I haven’t tried to derive the SE for a Pearson correlation, no. I have had to derive other things in regression (variances, slope estimators), but mostly these are things an undergraduate statistics major would be expected to do in class. However, I was not saying they should put a derivation in the book, I was saying they should use the simple algebraic manipulation and substitution that you, S2000, and I have used in posts to show why the t-statistic for rho is not so weird and different, it’s just the CFAI hasn’t taken two seconds to show algebra to the reader.

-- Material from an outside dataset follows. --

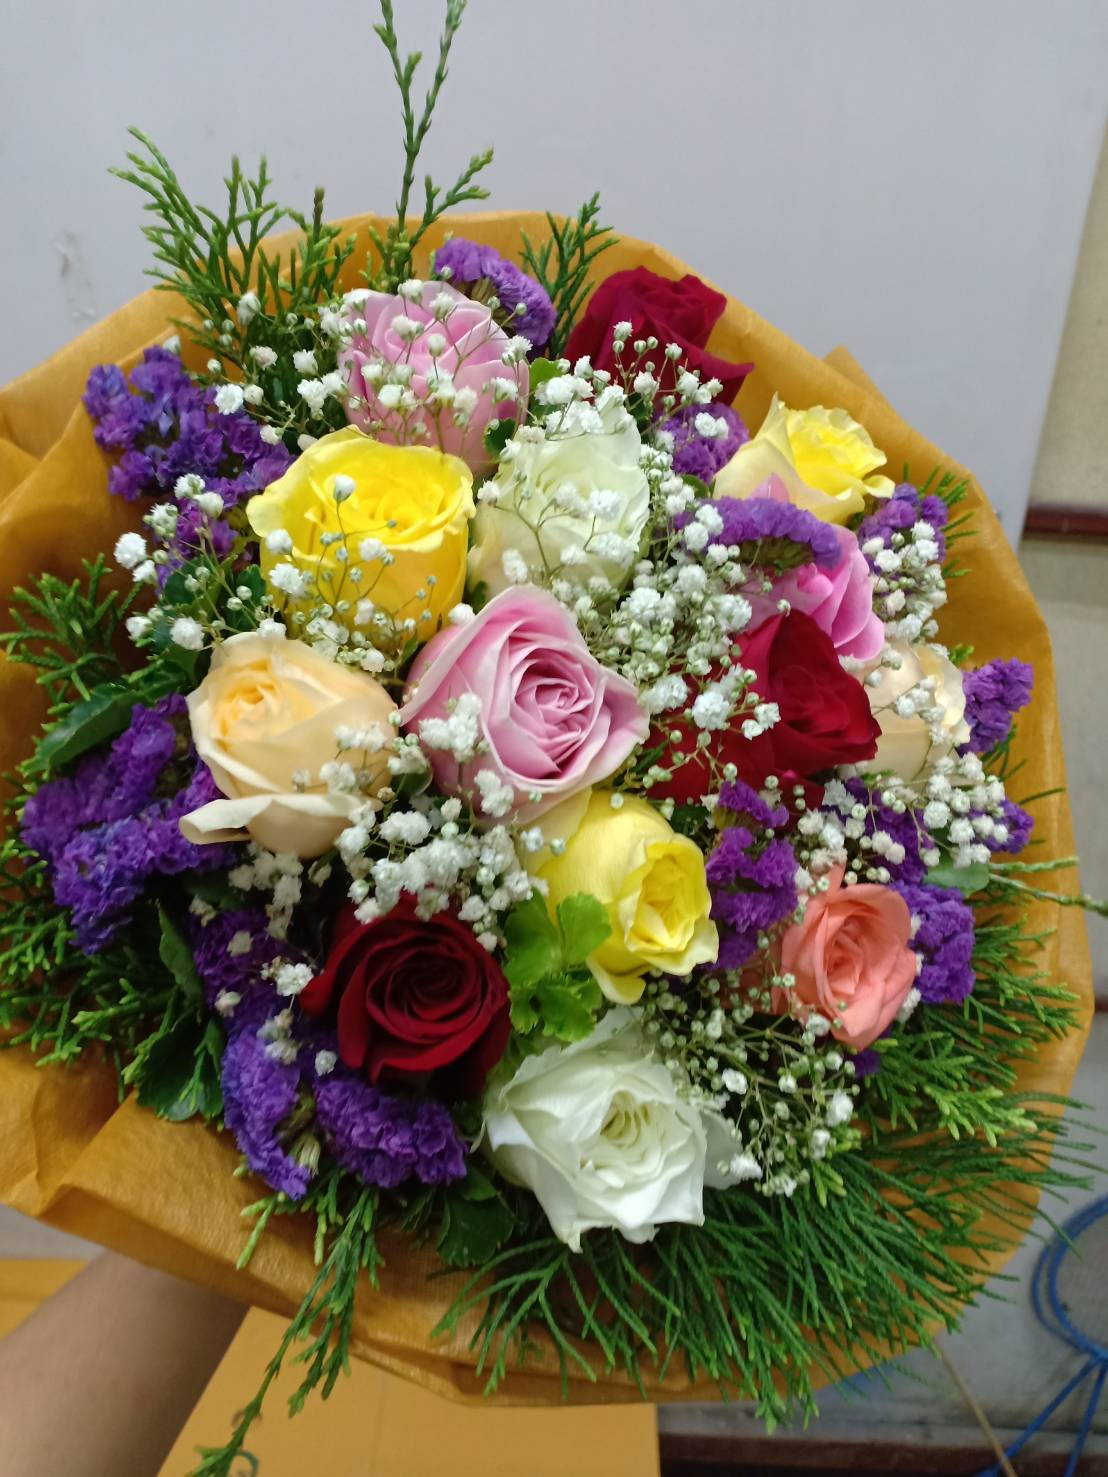 ดอกกุหลาบคละสีแซมด้วยดอกสแตติสและดอกยิปโซถูกจัดแต่งรวมกันเป็นช่ออย่างสวยงาม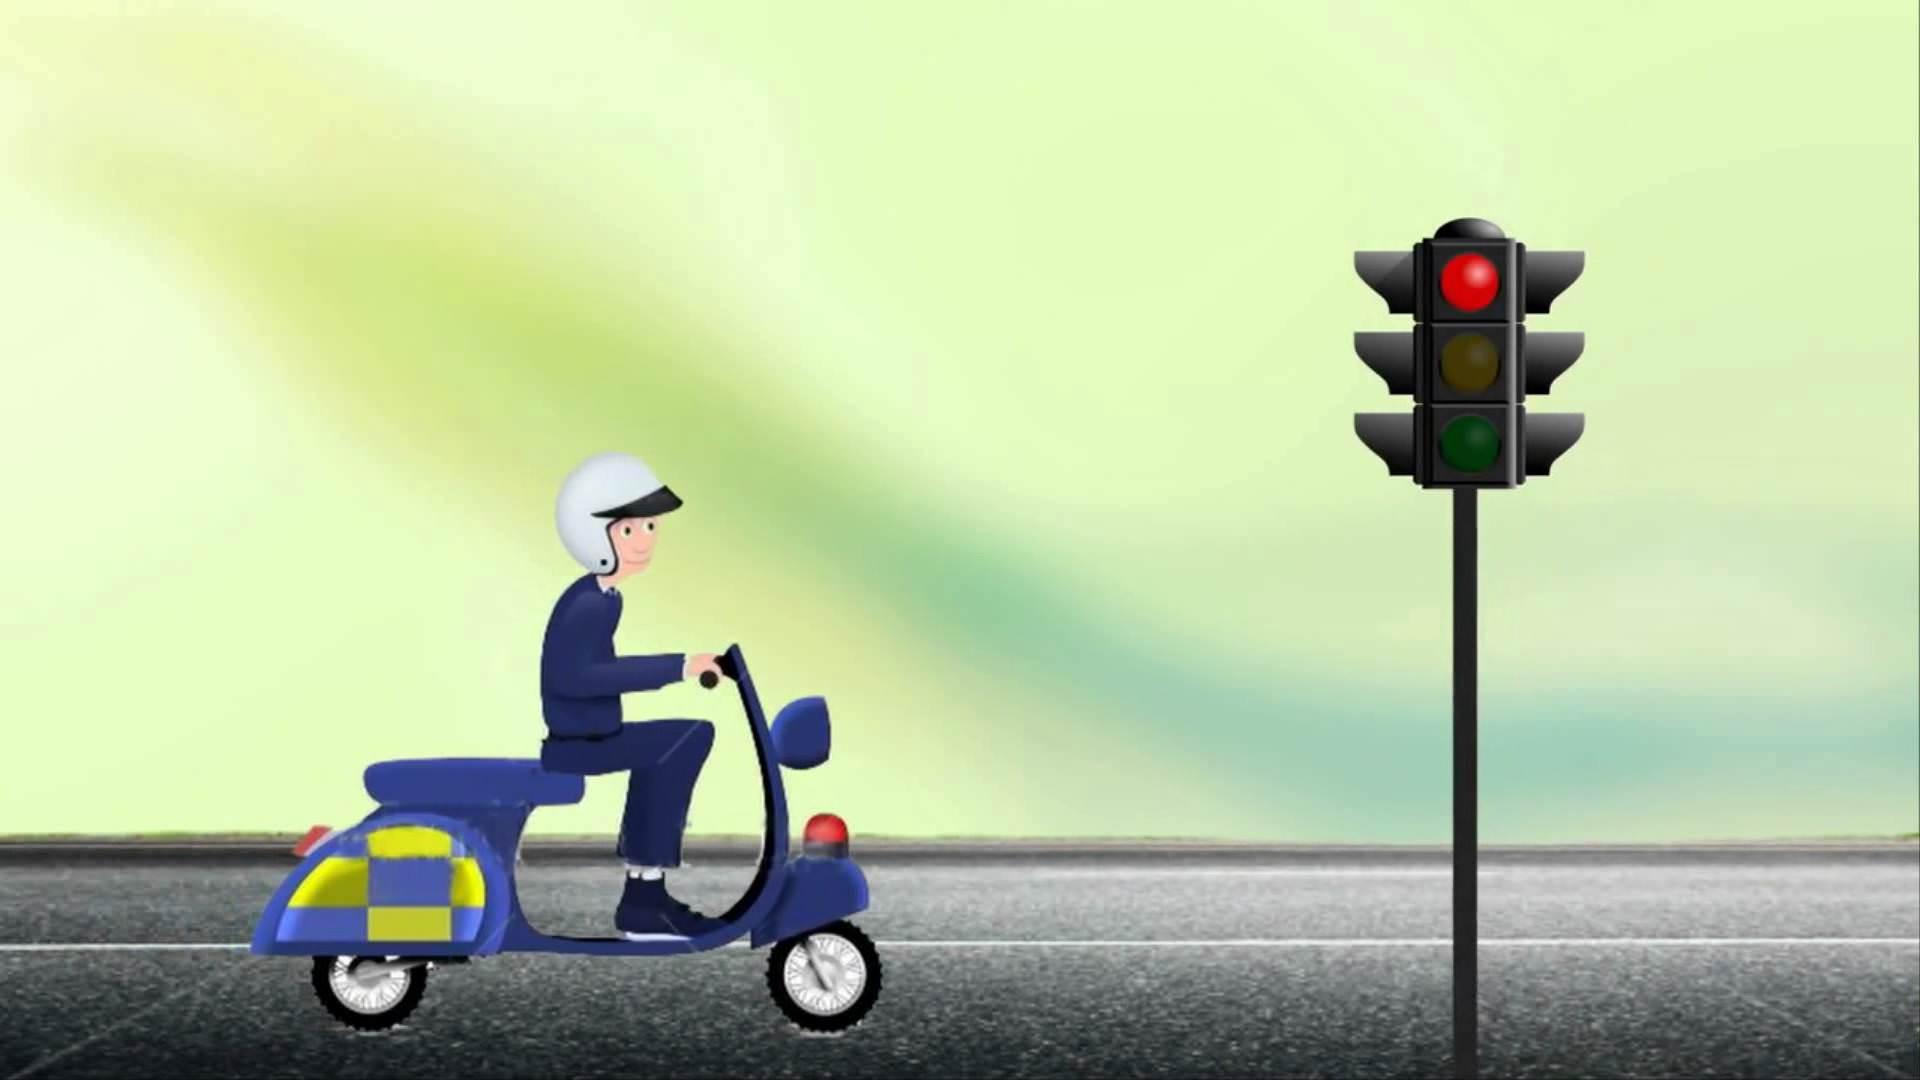 Từ vựng tiếng Anh về Phương tiện giao thông

I agree the CFAI is not “for statisticians” but that doesn’t give them a pass to press incorrect material as correct, especially given the whole “we strive for excellence and world-class education”-- why not hire one legitimate statistician (honestly, someone with an undergraduate statistics degree would suit most of their purposes but ideally at least an MS in statistics) for reviewing the quant curriculum? This is how universities hire statisticians to teach intro to stats to non-stats majors and it works well when you pick someone who can teach. I agree with you that this is for non-statisticians, but the CFAI shouldn’t be puffing out it’s chest trying to show more mathematical detail when they do it poorly (either carelessness or inability to do it better). If they’re going to do it, it should be done correctly. People often “run stats” without knowing which way is up but only how to get a p-value that they likely misinterpret as an error probability or as a probability that the null is true. When the software gives a warning or an error, they haven’t the slightest clue to go about fixing it, and I have seen people just use what the program gave despite a serious error (until they can’t move forward with a project anymore and end up asking for help). No more rant :slight_smile: but I just think the CFAI likes to puff out it’s chest but this is one area they need to improve if they want to purport “world class education.”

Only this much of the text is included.